Shlomit Gur


Improving the Reliability of Sentiment Prediction in Online Health Communities.

El-Manzalawy Y., Lee S., Gur S., Le T., Bui N., Yen J., and Honava V.J.
[In Preparation]
Key words: cancer survivors, sentiment classification, machine learning, mining online health communities, online discussion boards

Background: Online health communities (OHCs) offer a powerful internet-based platform for providing social support to participants through the sharing of knowledge, experience, and feelings with other participants. Understanding how online social interactions impact individuals’ health require effective methods for analyzing usergenerated content.
Objective: The major goals of this research are to: i) Develop a methodology for effective application of machine learning algorithms to OHC data: ii) Demonstrate the viability of the methodology via a case study for developing improved models for classification of sentiment expressed in user-generated content in Cancer Survivors Network (CSN), an online community of cancer survivors that is operated by the American Cancer Society.
Methods: We introduce an approach for extracting representative subset of data based on randomly sampled threads (as opposed to randomly sampled posts used in previous related studies). Four annotators assign labels to each post, considering the context of the post in the thread in which it appears. We partition the labeled data into crossvalidation and independent test sets, and run a competition between four data scientists to obtain the best sentiment classifier using cross-validation data.
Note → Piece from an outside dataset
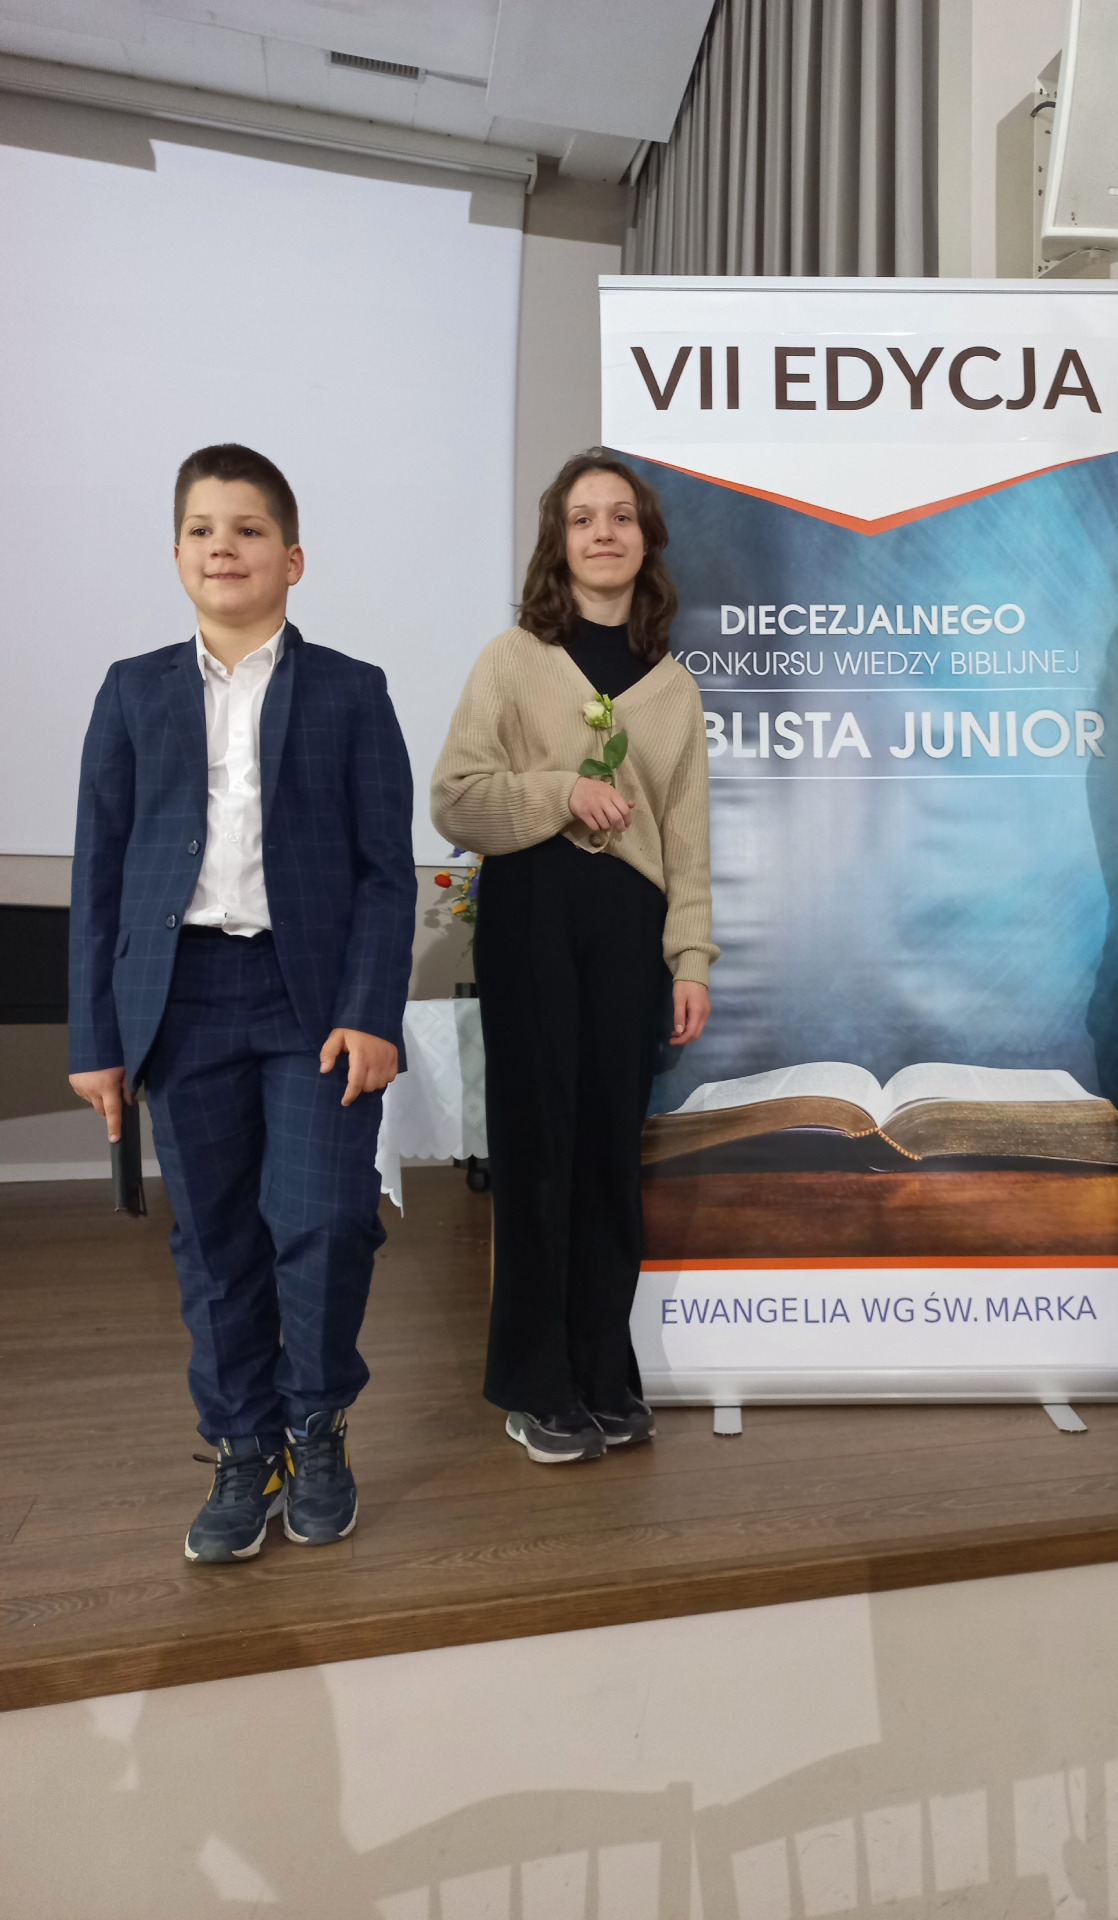  VII edycji Diecezjalnego Konkursu Wiedzy Biblijnej – Biblista Junior - Urszula Nowicka i Paweł Czerwiec

Classifiers submitted by participants are evaluated using the independent test data.
Results: Comparison of our competition winning classifier with the original study by Qui et al., using their dataset of 298 posts shows that our best classifier achieves an AUC of 0.92 and an accuracy of 84.6% as compared to an AUC of 0.83 and an accuracy of 79.2% reported in the original study.
Age-related differences in task-specific functional connectivity in the context of phonological and semantic cognitive tasks with distracting words    

Gur S., El-Manzalawy Y., Diaz M.T., and Honava V.J.
[In Preparation]
Key words: functional connectivity, aging, semantics, phonology, machine learning, network topology

Different language-related cognitive processes are affected differently by aging, with phonological processes displaying deficits, while semantic processes do not. A prominent aging hypothesis, the inhibition deficit hypothesis, holds that older adults find it more difficult to ignore irrelevant information. Therefore, we took a data-driven approach to investigate the interaction of semantic and phonological processes with distracting words in younger and older adults. We used task-specific functional connectivity and machine learning algorithms, to identify topological differences that discriminate between the functional networks associated with these two conditions.
We found that betweenness centrality measures of strong connections in the functional networks were effective as a group in discriminating between the two conditions. While some of the identified features were age-independent (left thalamus and caudate nucleus), most were age-dependent. Our results did not support the inhibition deficit hypothesis, but rather suggested age-related differences in intrinsic alertness between the two conditions, which we believe might affect or appear as inhibition under certain conditions. 
Therefore, our data-driven approach helps identify novel differences between conditions, as a function of age group. Moreover, it demonstrates the benefits of harnessing the powers of network topology and machine learning to functional connectivity analysis.